A verbatim restatement of the data, free of pictures, is what you should output.

[[ SOURCE DATA, beginning ]]

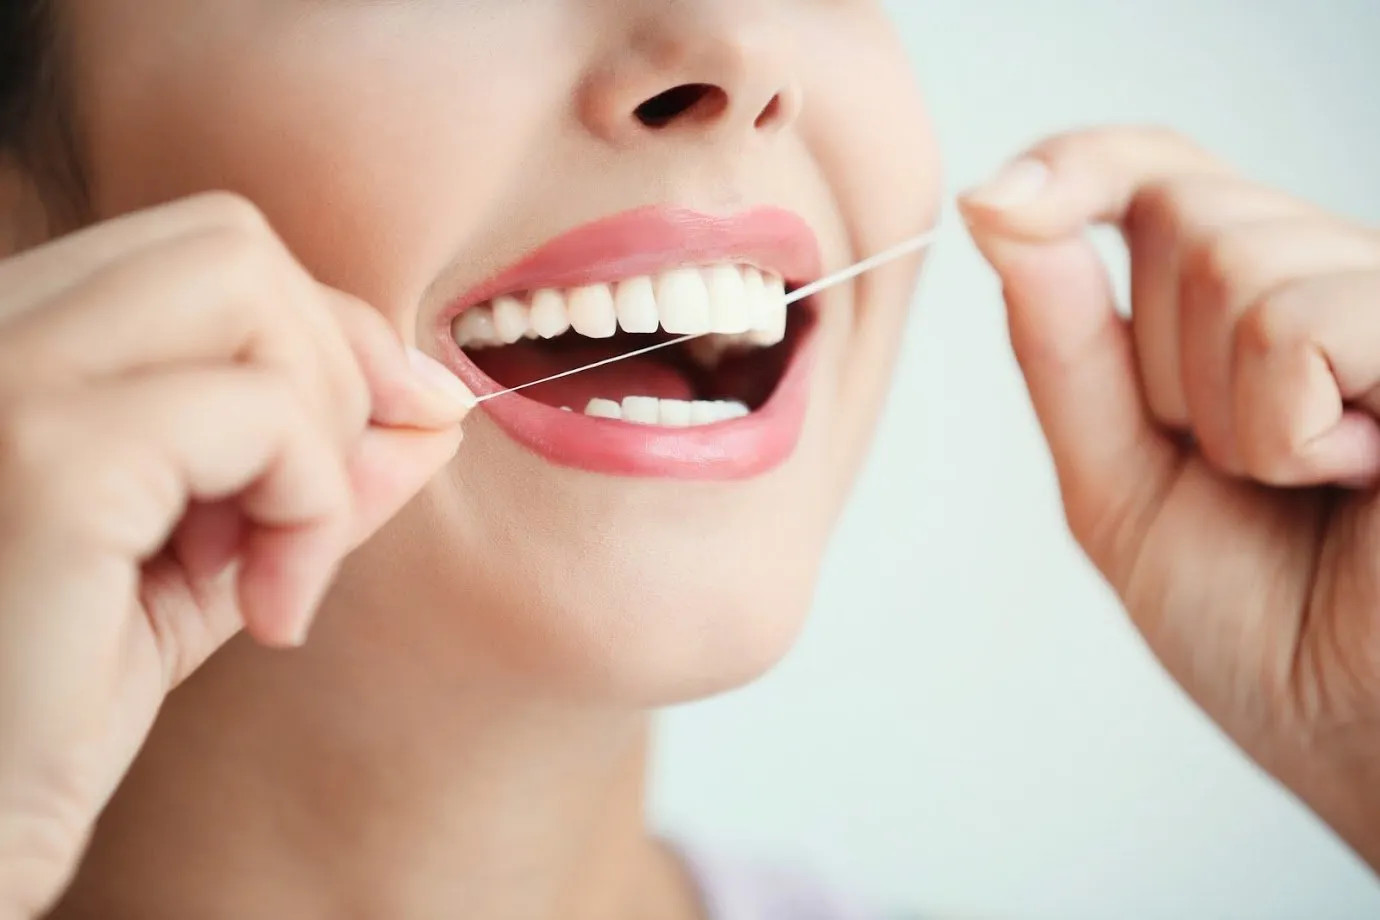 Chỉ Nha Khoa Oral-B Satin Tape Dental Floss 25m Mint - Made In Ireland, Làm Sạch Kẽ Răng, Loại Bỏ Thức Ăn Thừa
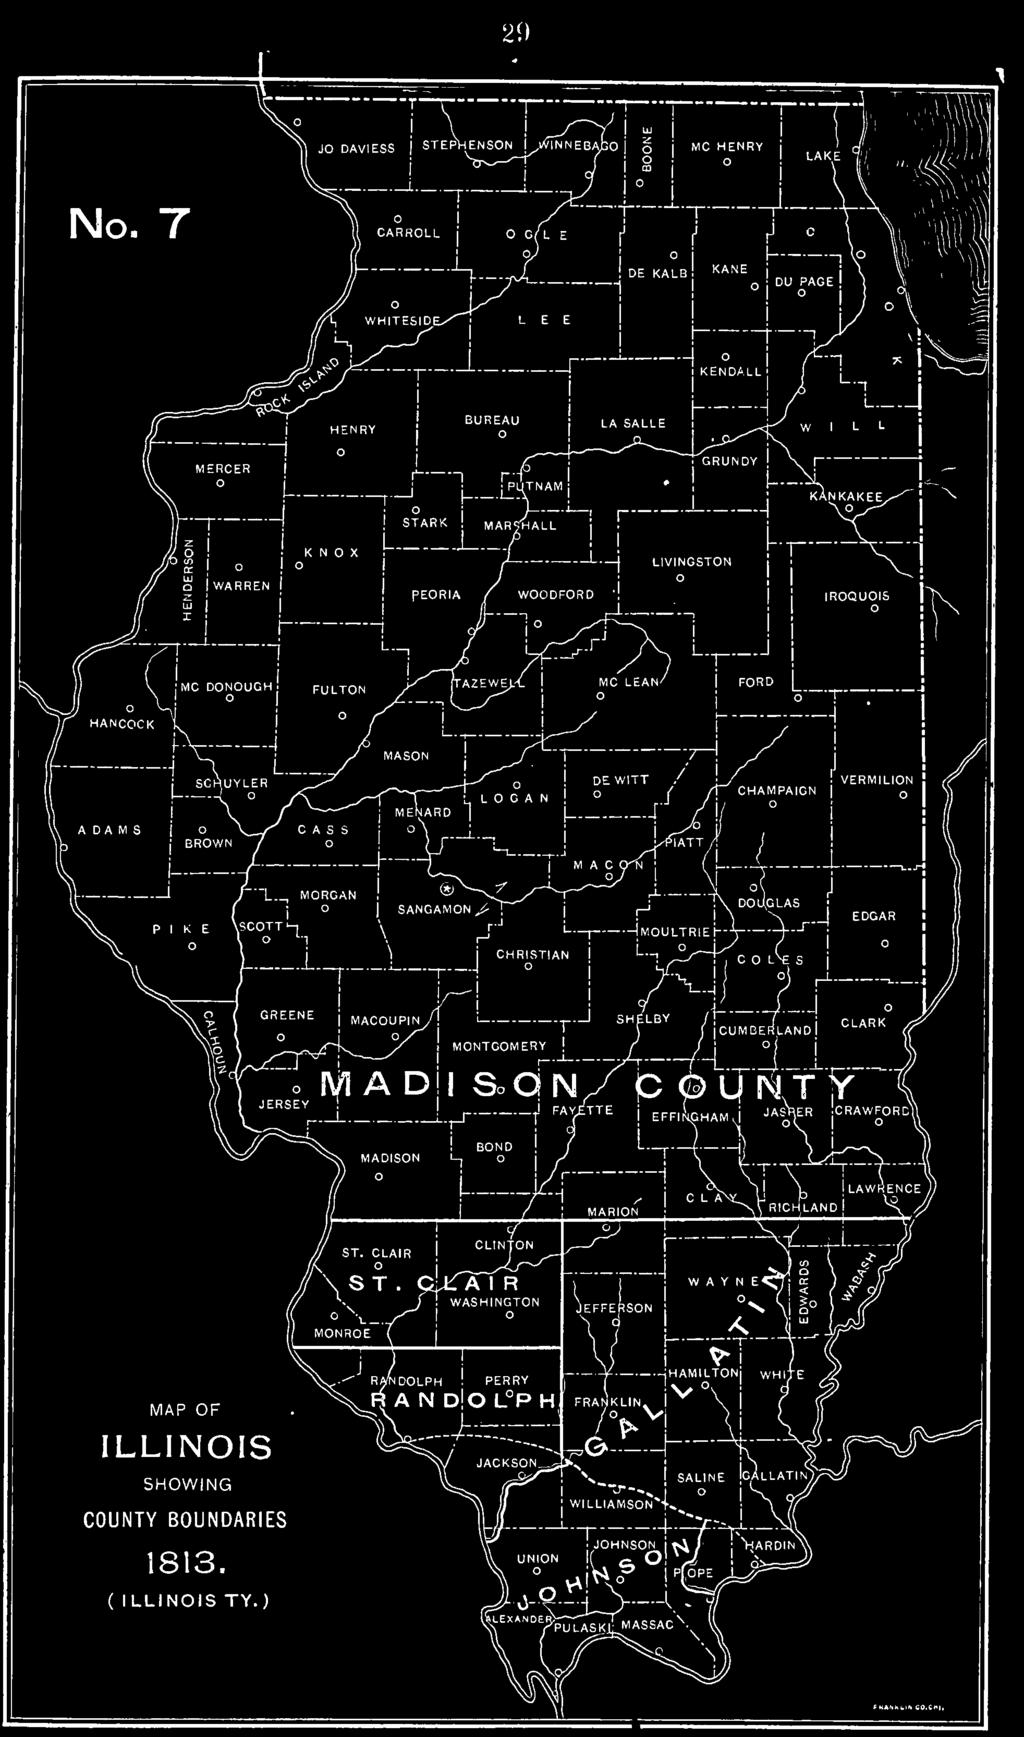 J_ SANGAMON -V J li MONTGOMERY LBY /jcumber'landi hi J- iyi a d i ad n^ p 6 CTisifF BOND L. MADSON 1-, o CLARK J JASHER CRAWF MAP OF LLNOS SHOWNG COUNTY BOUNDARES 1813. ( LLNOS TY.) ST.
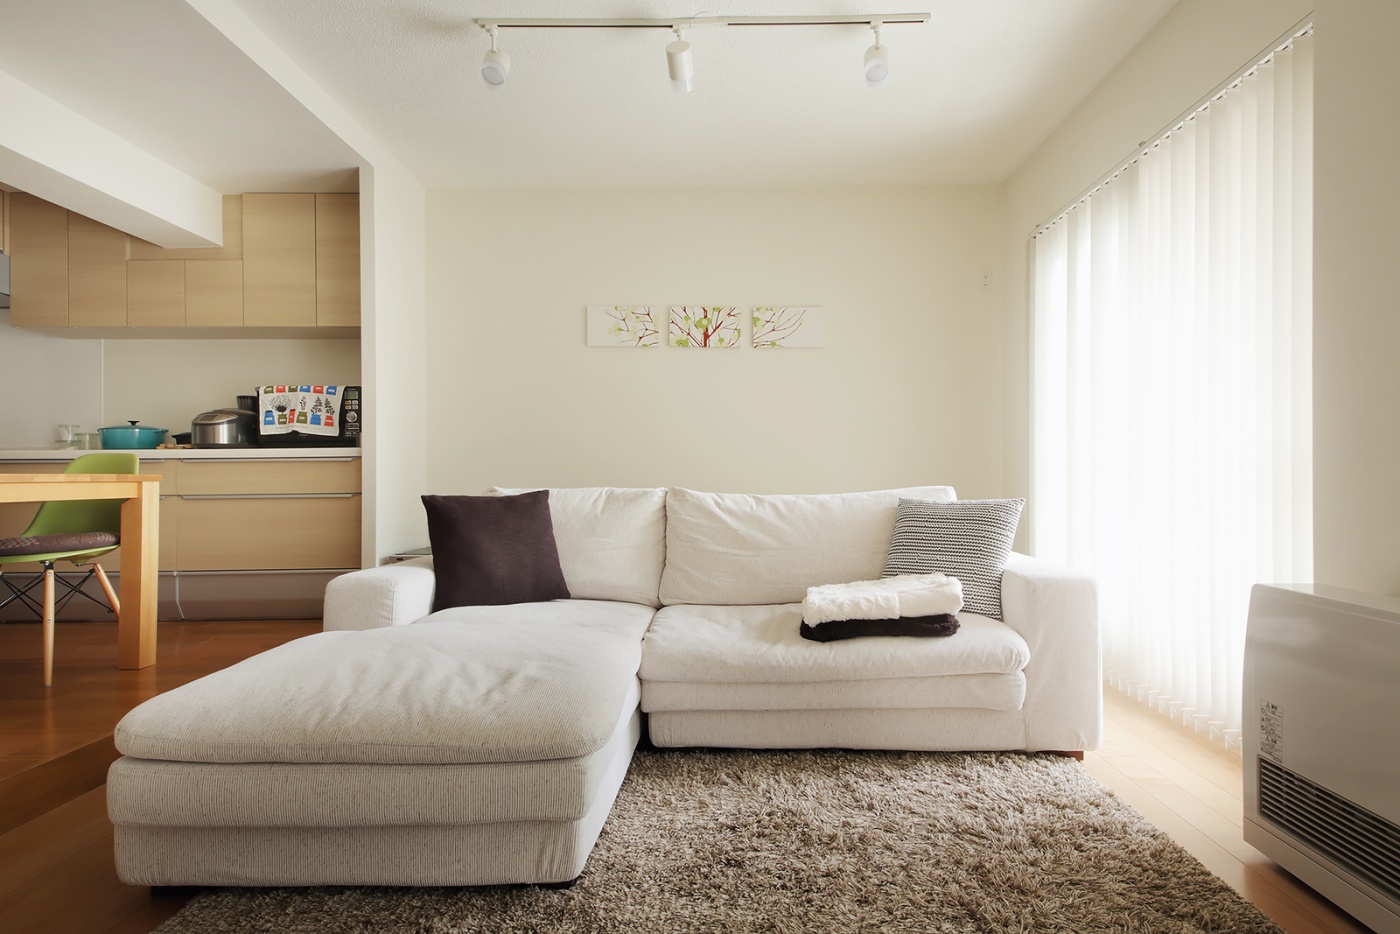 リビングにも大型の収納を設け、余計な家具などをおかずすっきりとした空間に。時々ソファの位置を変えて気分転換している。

[[ SOURCE DATA, end ]]

TASK RESPONSE
 Chỉ Nha Khoa Oral-B Satin Tape Dental Floss 25m Mint - Made In Ireland, Làm Sạch Kẽ Răng, Loại Bỏ Thức Ăn Thừa
 J_ SANGAMON -V J li MONTGOMERY LBY /jcumber'landi hi J- iyi a d i ad n^ p 6 CTisifF BOND L. MADSON 1-, o CLARK J JASHER CRAWF MAP OF LLNOS SHOWNG COUNTY BOUNDARES 1813. ( LLNOS TY.) ST.
 リビングにも大型の収納を設け、余計な家具などをおかずすっきりとした空間に。時々ソファの位置を変えて気分転換している。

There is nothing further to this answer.